Фустов неподвижно стоял пред моею кроватью, с повисшими руками, как виноватый.
Я наскоро оделся.
— Что же ты намерен теперь делать, Александр? — спросил я.
Он посмотрел на меня с недоуменьем, как бы дивясь нелепости моего вопроса. И в самом деле, что было делать?
— Ты, однако, не можешь не пойти к ним, — начал я. — Ты должен узнать, как это случилось; тут, может быть, преступление скрывается. От этих людей всего ожидать следует… Это всё на чистую воду вывести следует. Вспомни, что стоит в ее тетрадке: пенсия прекращается в случае замужества, а в случае смерти переходит к Ратчу. Во всяком случае последний долг отдать надо, поклониться праху!
Я говорил Фустову как наставник, как старший брат. Среди всего этого ужаса, горя, изумления какое-то невольное чувство превосходства над Фустовым внезапно проявилось во мне… Оттого ли, что я видел его подавленным сознаньем своей вины, потерявшимся, уничтоженным; оттого ли, что несчастье, поразив человека, почти всегда его роняет, спускает его ниже в мнении других — «стало, мол, ты плох, коли не умел увернуться!» — господь ведает! Только Фустов мне казался почти ребенком, и жалко было мне его, и понимал я необходимость строгости. Я протягивал ему руку сверху вниз. Одно лишь женское сожаление не идет сверху вниз.
Но Фустов продолжал глядеть на меня тупо и дико, — мой авторитет, очевидно, не действовал на него, — и на мой вторичный вопрос: «Ведь ты пойдешь к ним?» — отвечал: «Нет, не пойду».
— Как же это, помилуй!

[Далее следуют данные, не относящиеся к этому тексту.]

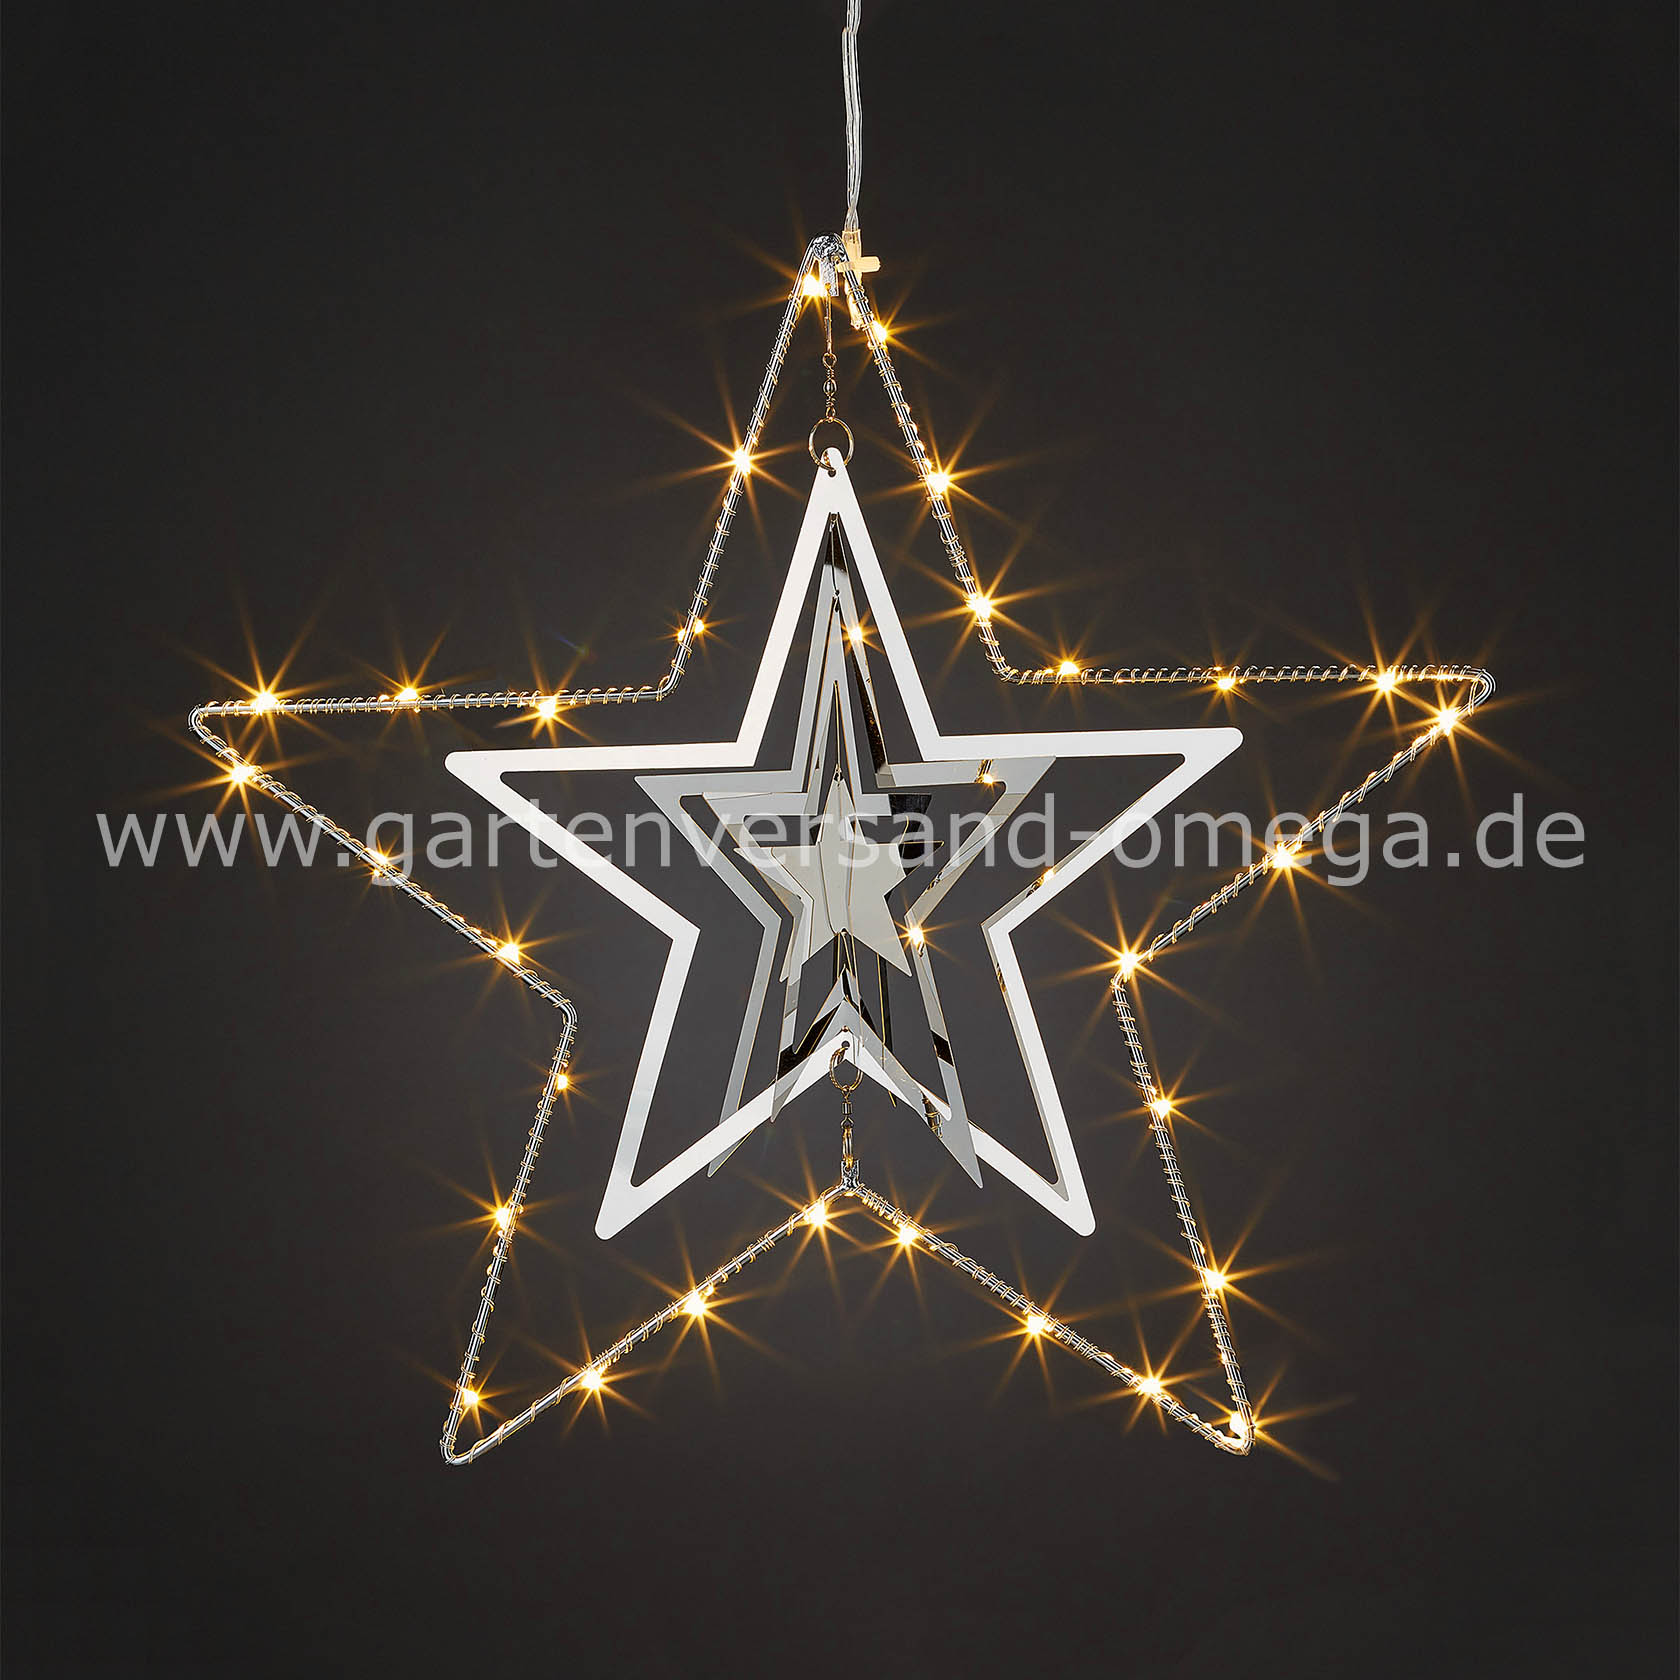 LED 3D LED-Stern, Innen, - für Weihnachtsbeleuchtung beleuchtet, LED-Mobilee, Metall-Stern Stern Weihnachtsdeko Stern-Mobilee, Weihnachtsstern, Deko-Weihnachtsstern Metall, Weihnachtsbeleuchtung zum aus Hängen

Неужели ты не захочешь сам узнать, расспросить: как, что? Может быть, она оставила письмо… документ какой-нибудь… помилуй!
Фустов покачал головой.
— Я не могу пойти туда, — промолвил он. — Я затем и пришел к тебе, чтобы попросить тебя… вместо меня… А я не могу… не могу…
Фустов вдруг присел к столу, закрыл лицо обеими руками и зарыдал горько.
— Ах, ах, — твердил он сквозь слезы, — ах, бедная… бедняжка… я лю… я любил ее… ах, ах!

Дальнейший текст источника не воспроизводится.